Altered cell and RNA isoform diversity in aging Down syndrome brains

Significance Down syndrome (DS) neurocognitive disabilities associated with trisomy 21 are known; however, gene changes within individual brain cells occurring with age are unknown. Here, we interrogated >170,000 cells from 29 aging DS and control brains using single-nucleus RNA sequencing. We observed increases in inhibitory-over-excitatory neurons, microglial activation in the youngest DS brains coinciding with overexpression of genes associated with microglial-mediated synaptic pruning, and overexpression of the chromosome 21 gene RUNX1 that may be a potential driving factor in microglial activation. Single-nucleus long-read sequencing revealed hundreds of thousands of unannotated RNA transcripts. These included diverse species for the Alzheimer’s disease gene—amyloid precursor protein—that contained intra-exonic junctions previously associated with somatic gene recombination, which was also identified in ∼8,000 other genes.

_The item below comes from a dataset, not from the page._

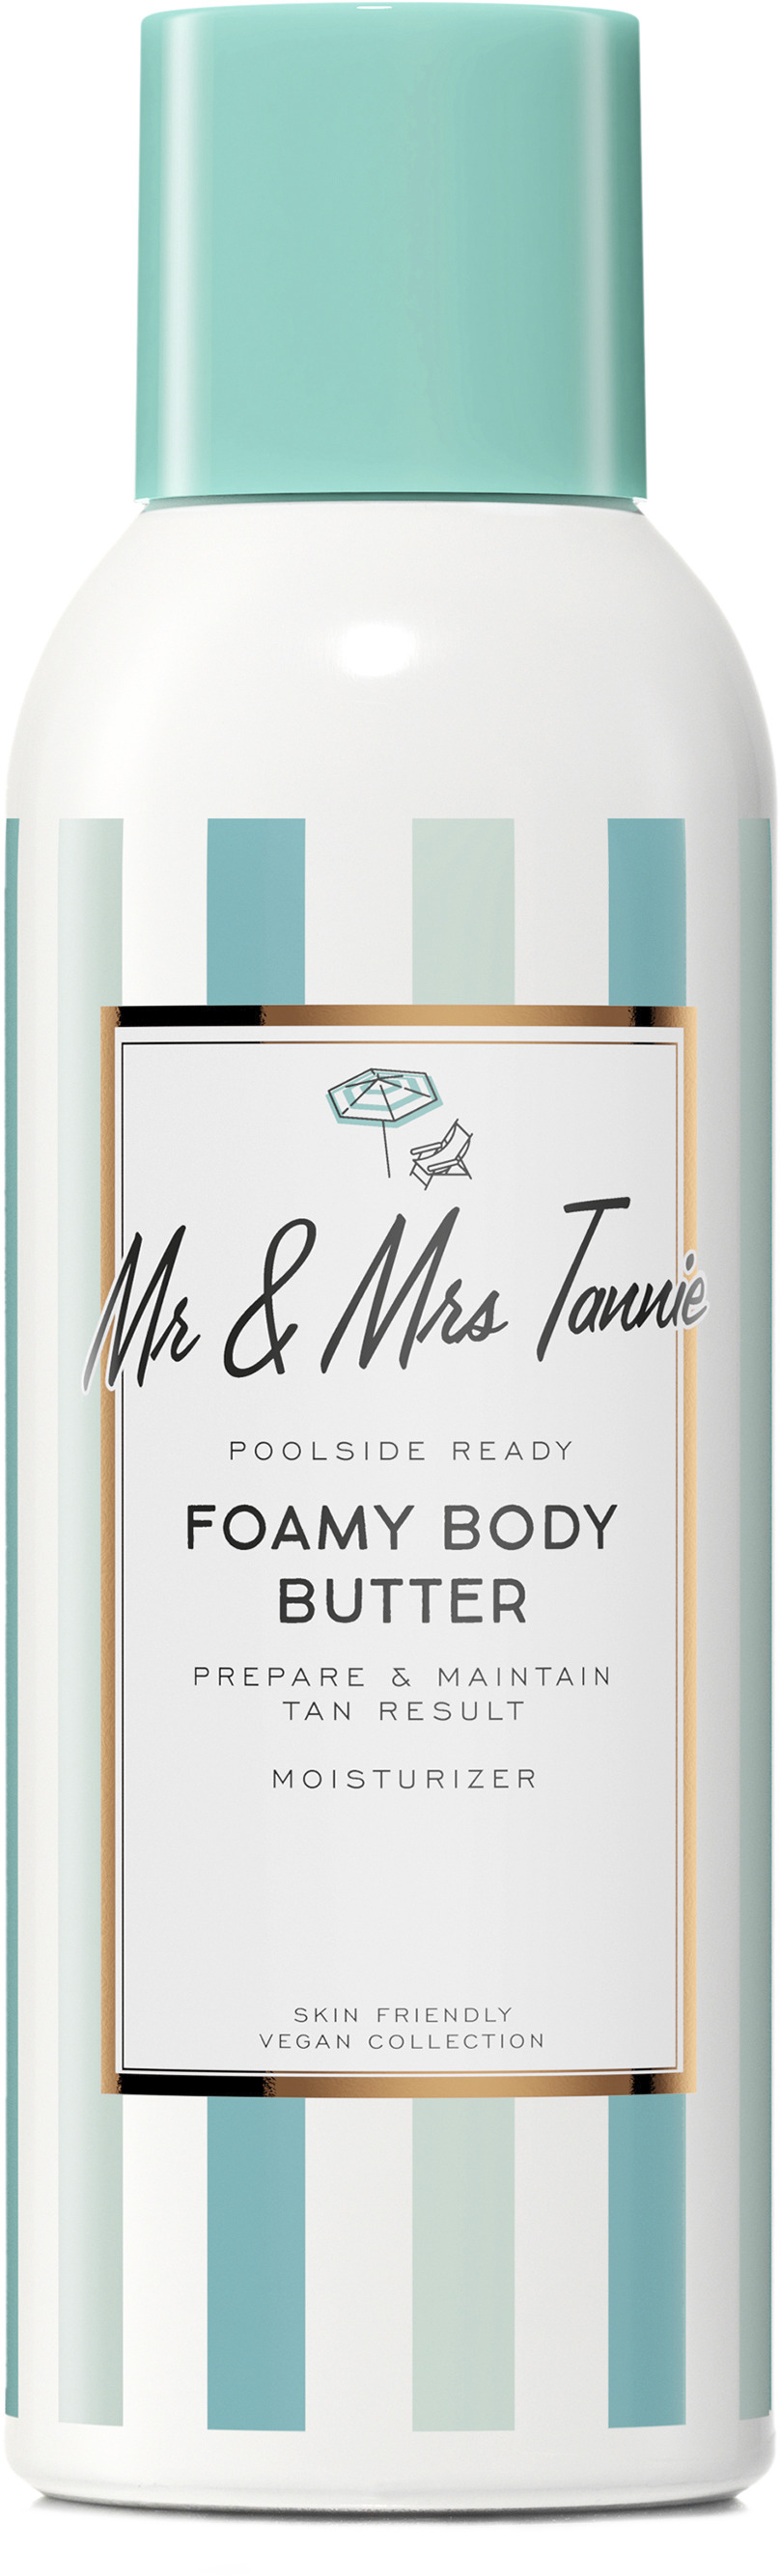 Mr & Mrs Tannie Foamy Body Butter 200 ml

Down syndrome (DS), trisomy of human chromosome 21 (HSA21), is characterized by lifelong cognitive impairments and the development of the neuropathological hallmarks of Alzheimer’s disease (AD). The cellular and molecular modifications responsible for these effects are not understood. Here we performed single-nucleus RNA sequencing (snRNA-seq) employing both short- (Illumina) and long-read (Pacific Biosciences) sequencing technologies on a total of 29 DS and non-DS control prefrontal cortex samples. In DS, the ratio of inhibitory-to-excitatory neurons was significantly increased, which was not observed in previous reports examining sporadic AD. DS microglial transcriptomes displayed AD-related aging and activation signatures in advance of AD neuropathology, with increased microglial expression of C1q complement genes (associated with dendritic pruning) and the HSA21 transcription factor gene RUNX1. Long-read sequencing detected vast RNA isoform diversity within and among specific cell types, including numerous sequences that differed between DS and control brains. Notably, over 8,000 genes produced RNAs containing intra-exonic junctions, including amyloid precursor protein (APP) that had previously been associated with somatic gene recombination. These and related results illuminate large-scale cellular and transcriptomic alterations as features of the aging DS brain.